20 The Conspirator

Alex’s bedroom had a window that faced the street. The brownstone sat on a pleasant lane, lined with birch trees on either side and cobbled with bricks. It ran east and west with Alex’s window facing south. When he’d collapsed into bed in the wee hours of the morning, the sun had been rising behind the house. The curtains over the large windows were open and Alex had been in no condition to close them.

Over the course of the day the sun marched its path across the sky and, just after noon, a bright ray crept in through the open curtains and shone on the floor. As the afternoon progressed, the shaft of sun and the bright pool of light crawled slowly, silently across the hardwood floor, then up the side of the bed, and then across the bedspread until it shone on Alex’s face.

He grunted, not wanting to return to wakefulness, and rolled over. An hour later, the light shone on his neck and he became too hot for sleep. When he finally sat up and swung his legs down to the floor, the alarm clock on his nightstand read eight forty-five.

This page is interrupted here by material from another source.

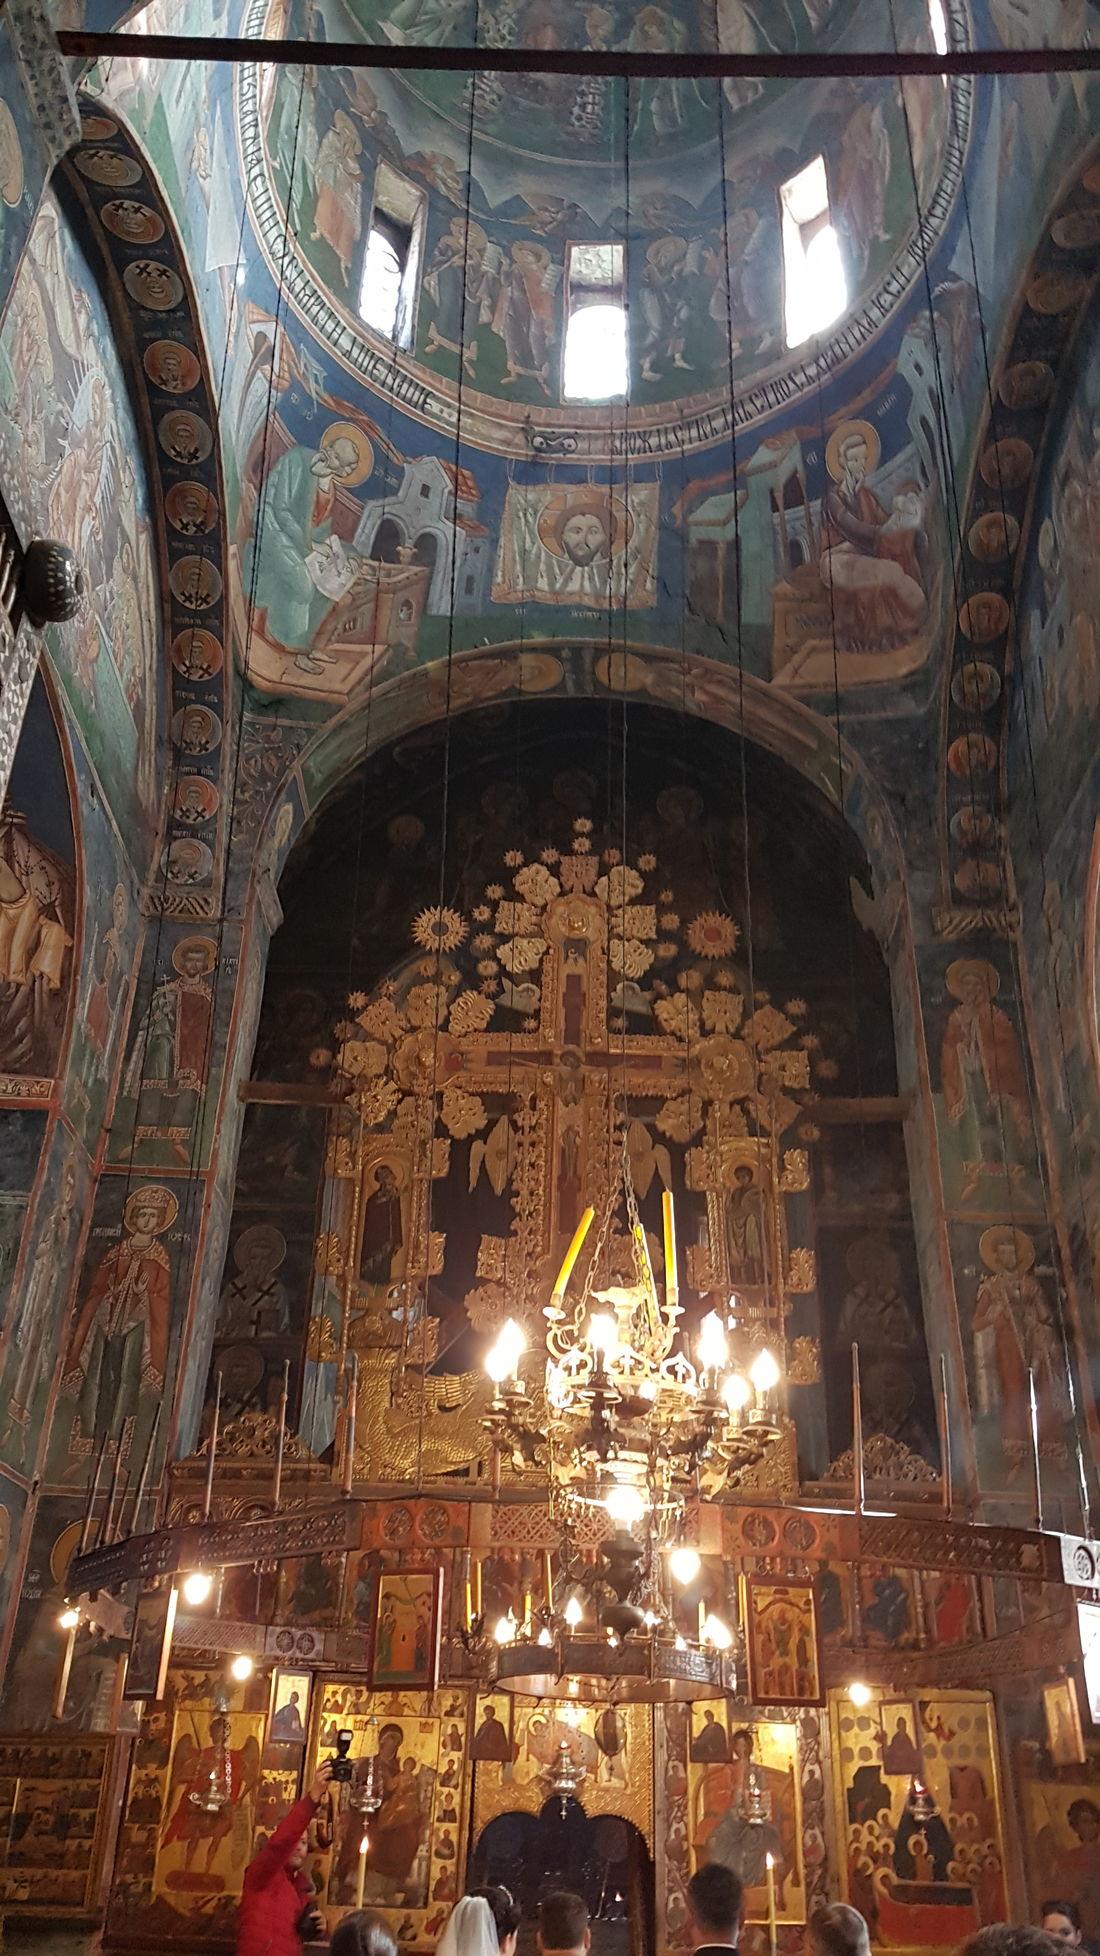 Manastir Morača, Kolašin Monastery Montenegro 🇲🇪 XII Century Curch Interior Curcharchitecture Fresco Decorations Religion Travel Destinations

He picked it up and pressed it to his ear… only to hear silence. He hadn’t slept in his bed for over a day before arriving home, and he hadn’t thought to wind the clock that morning. It had stopped.

He stood and fished his pocket watch from his pants, then wound and set the alarm clock to four forty-five. Moving slowly, his muscles stiff and his arm still sore, he carefully undressed and hung his only suit on a hanger that then went behind the bathroom door. He took a long shower, letting the hot water steam the kinks out of his body and the wrinkles out of his suit. Danny was safe, and the Sorceress was hot on the trail of the Germans and their plague. He’d handled all that extremely well, he thought, but he didn’t feel the satisfaction of a job well done.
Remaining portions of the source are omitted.